[Supplied information]
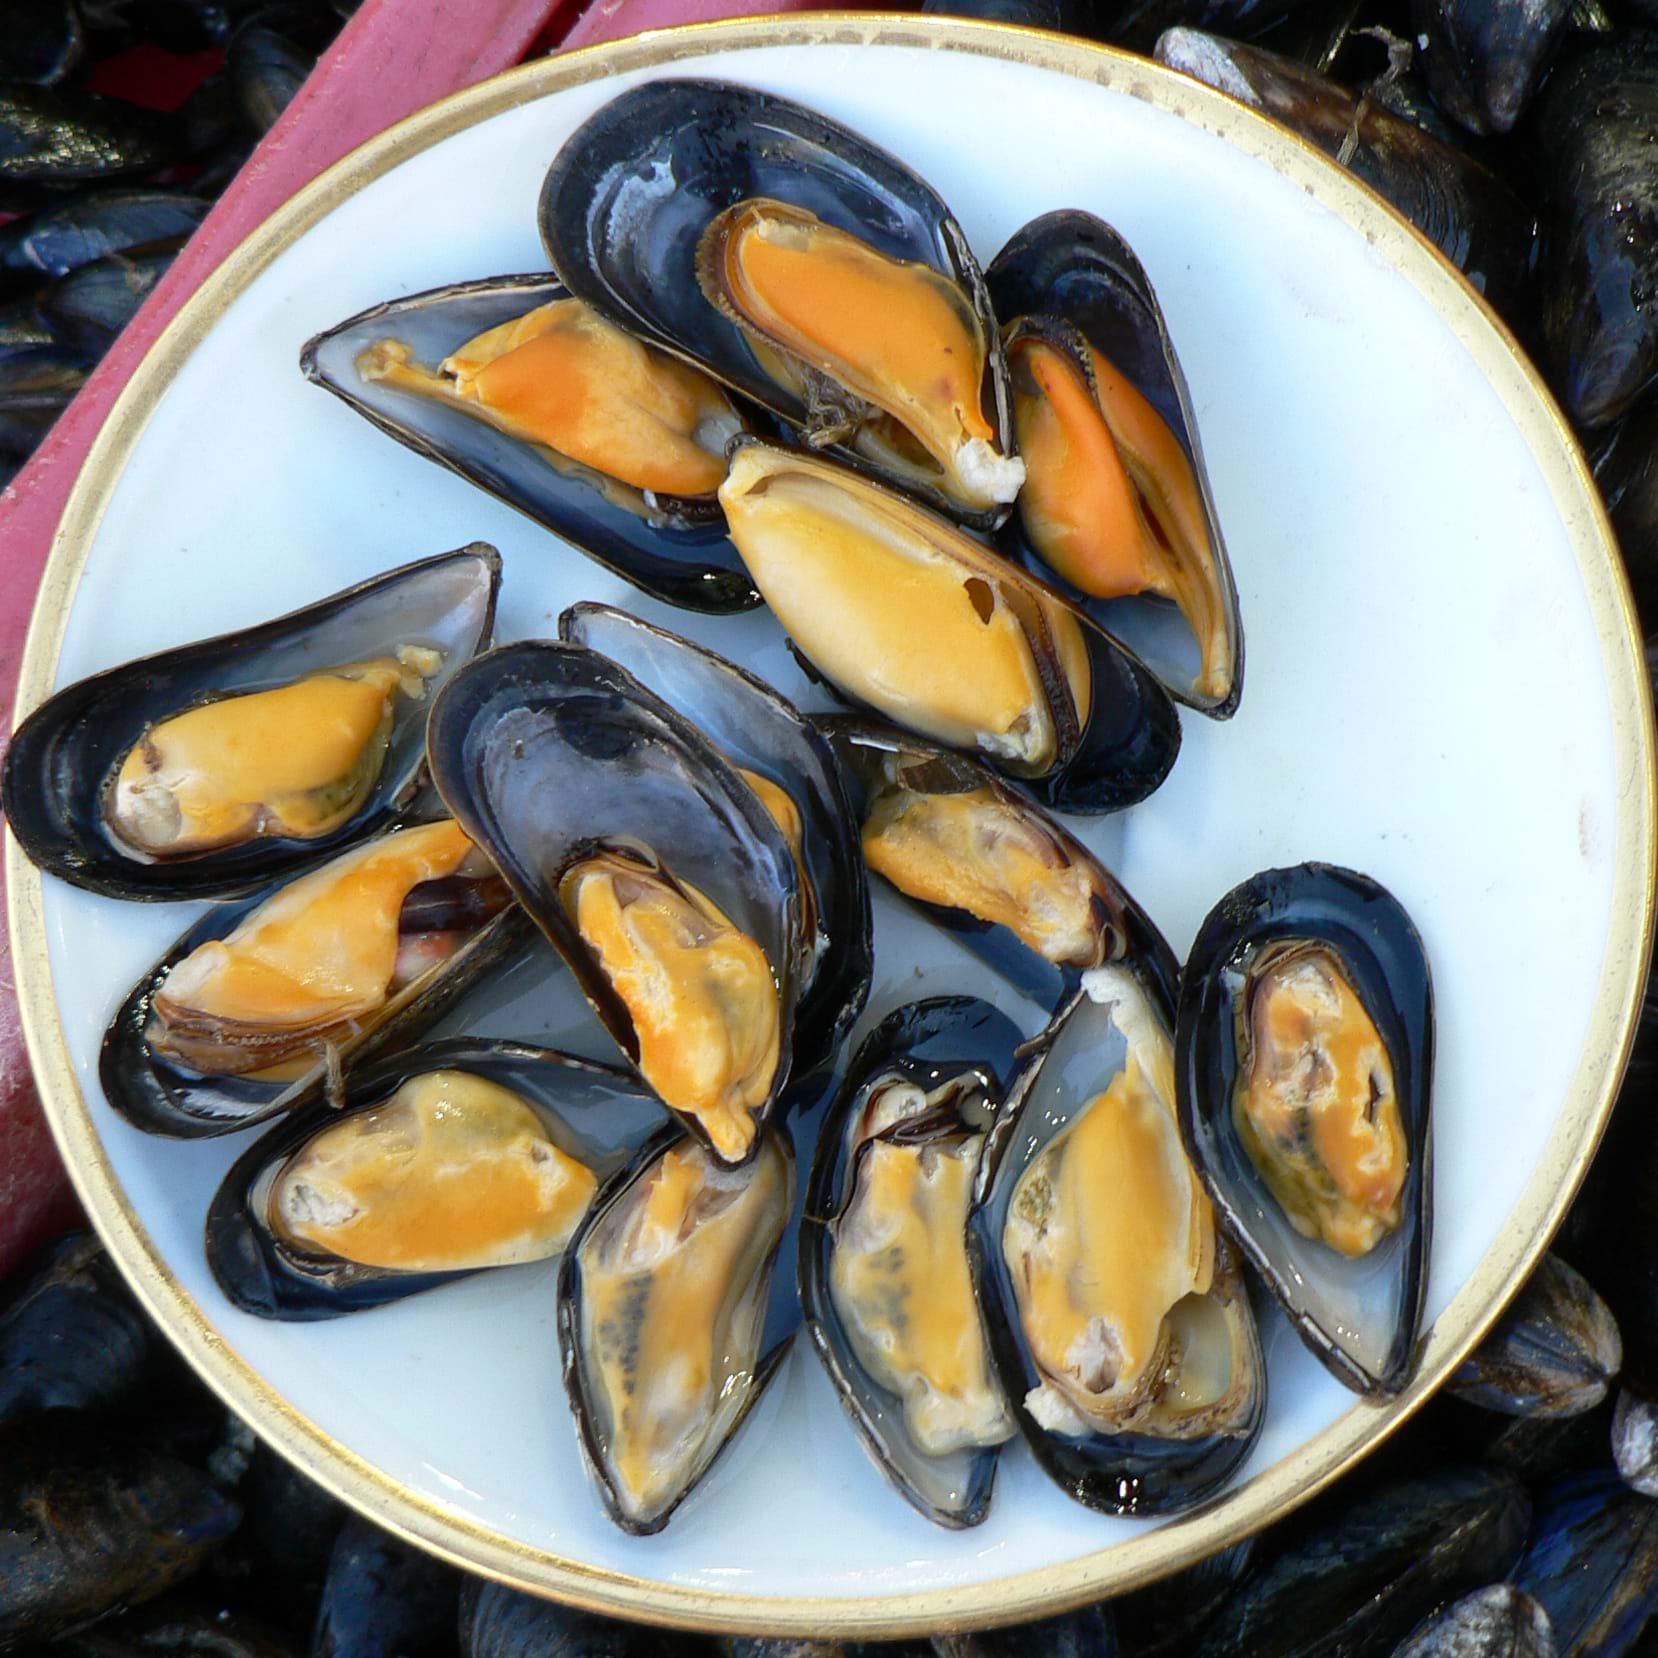 Image of cooked mussels on a plate
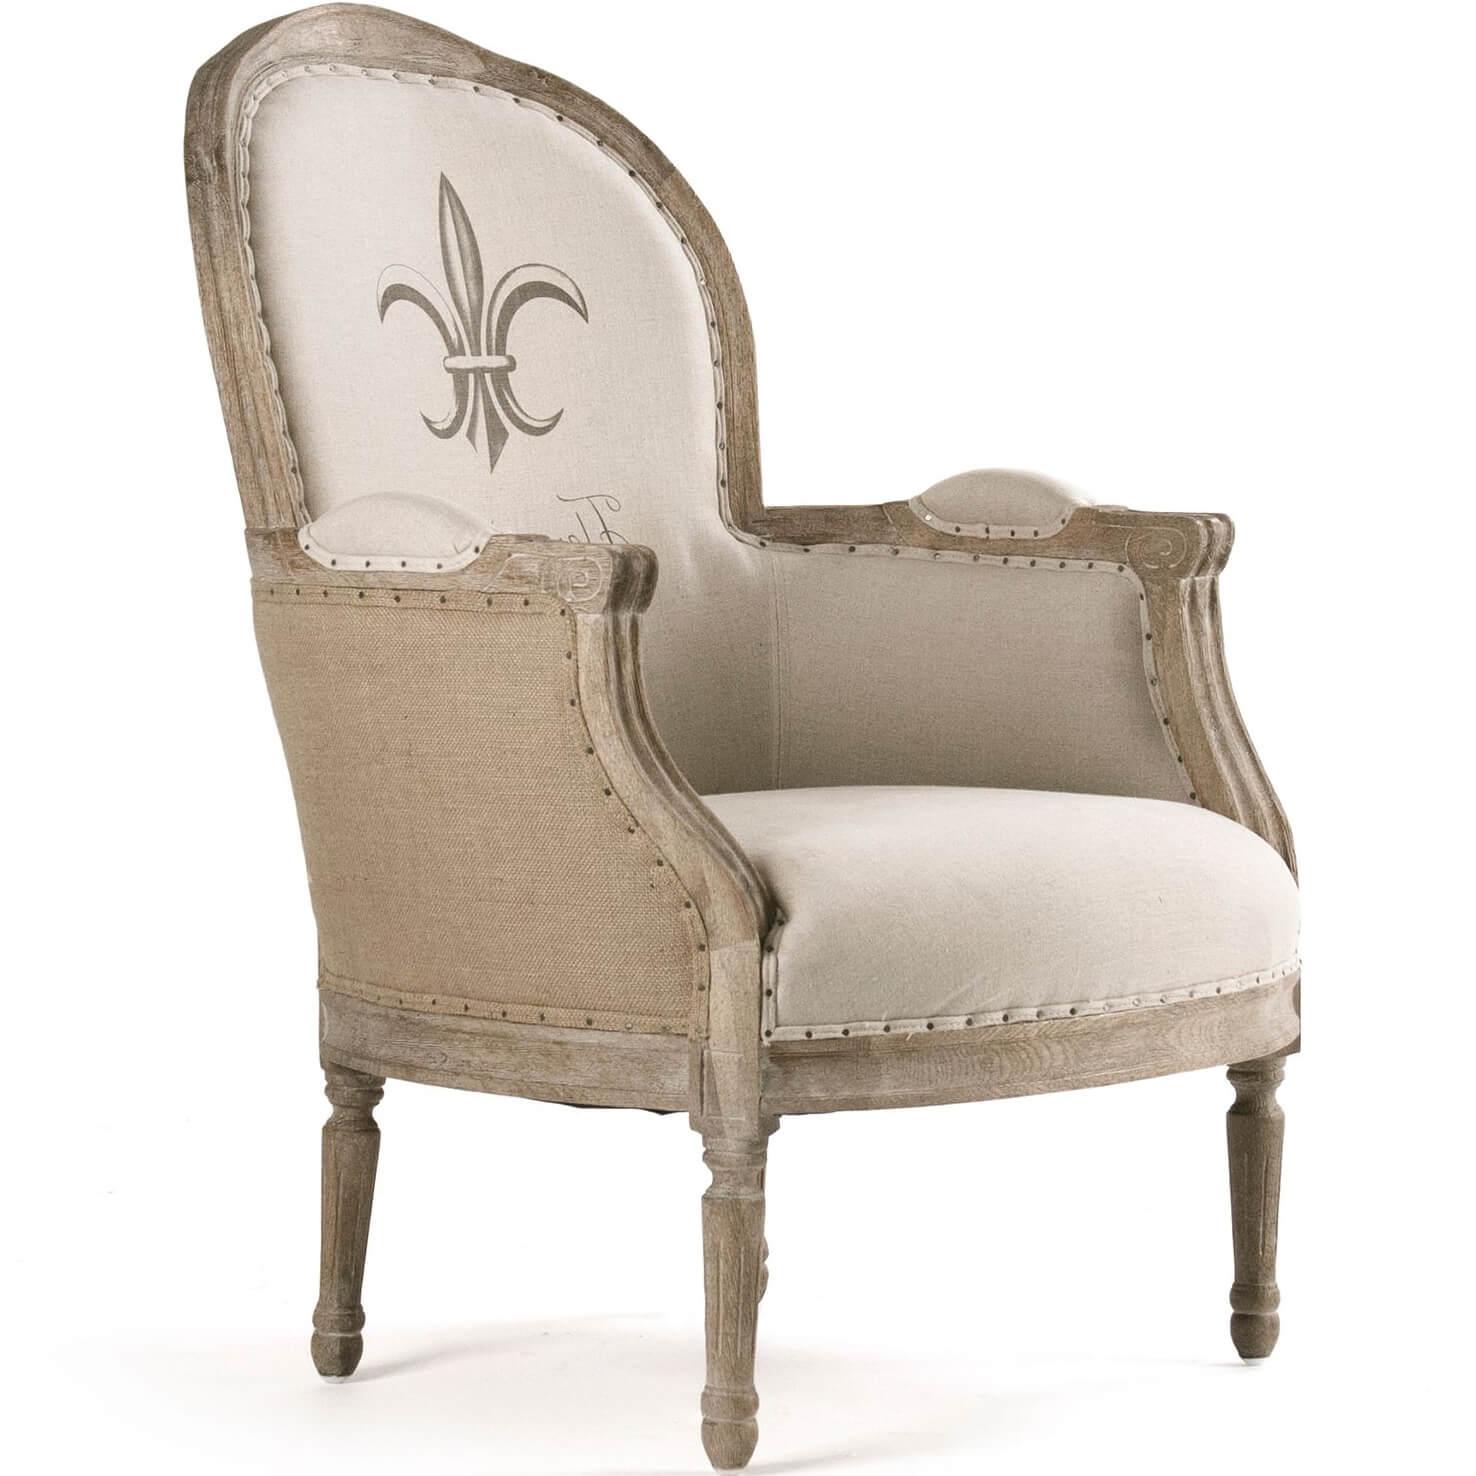 Odessa Jute Rope Wrapped Accent Chair - Coastal Chic Styling
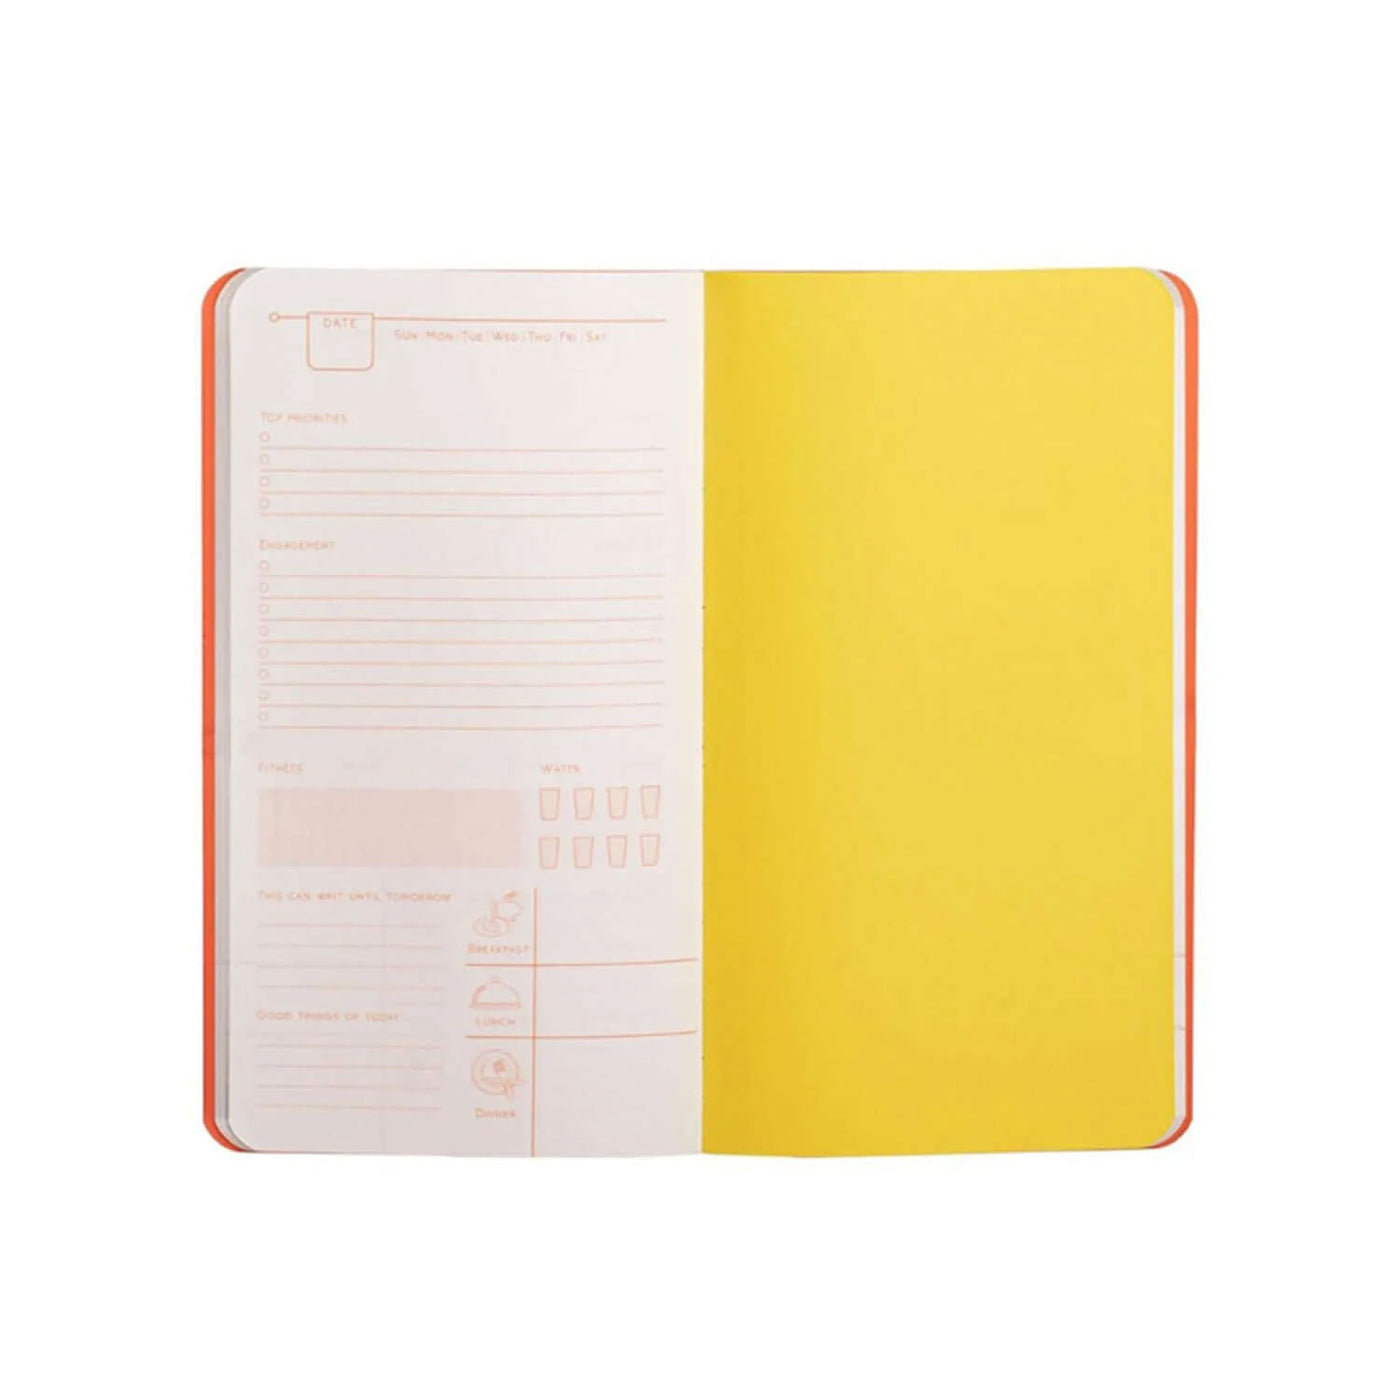 Pennline Quikfill Notebook Refill For Quikrite, Orange - Set Of 2 5
[/Supplied information]
*About this exercise*.
Leave out the images and repeat the rest of the data word for word.

*Your response*.
 Image of cooked mussels on a plate
 Odessa Jute Rope Wrapped Accent Chair - Coastal Chic Styling
 Pennline Quikfill Notebook Refill For Quikrite, Orange - Set Of 2 5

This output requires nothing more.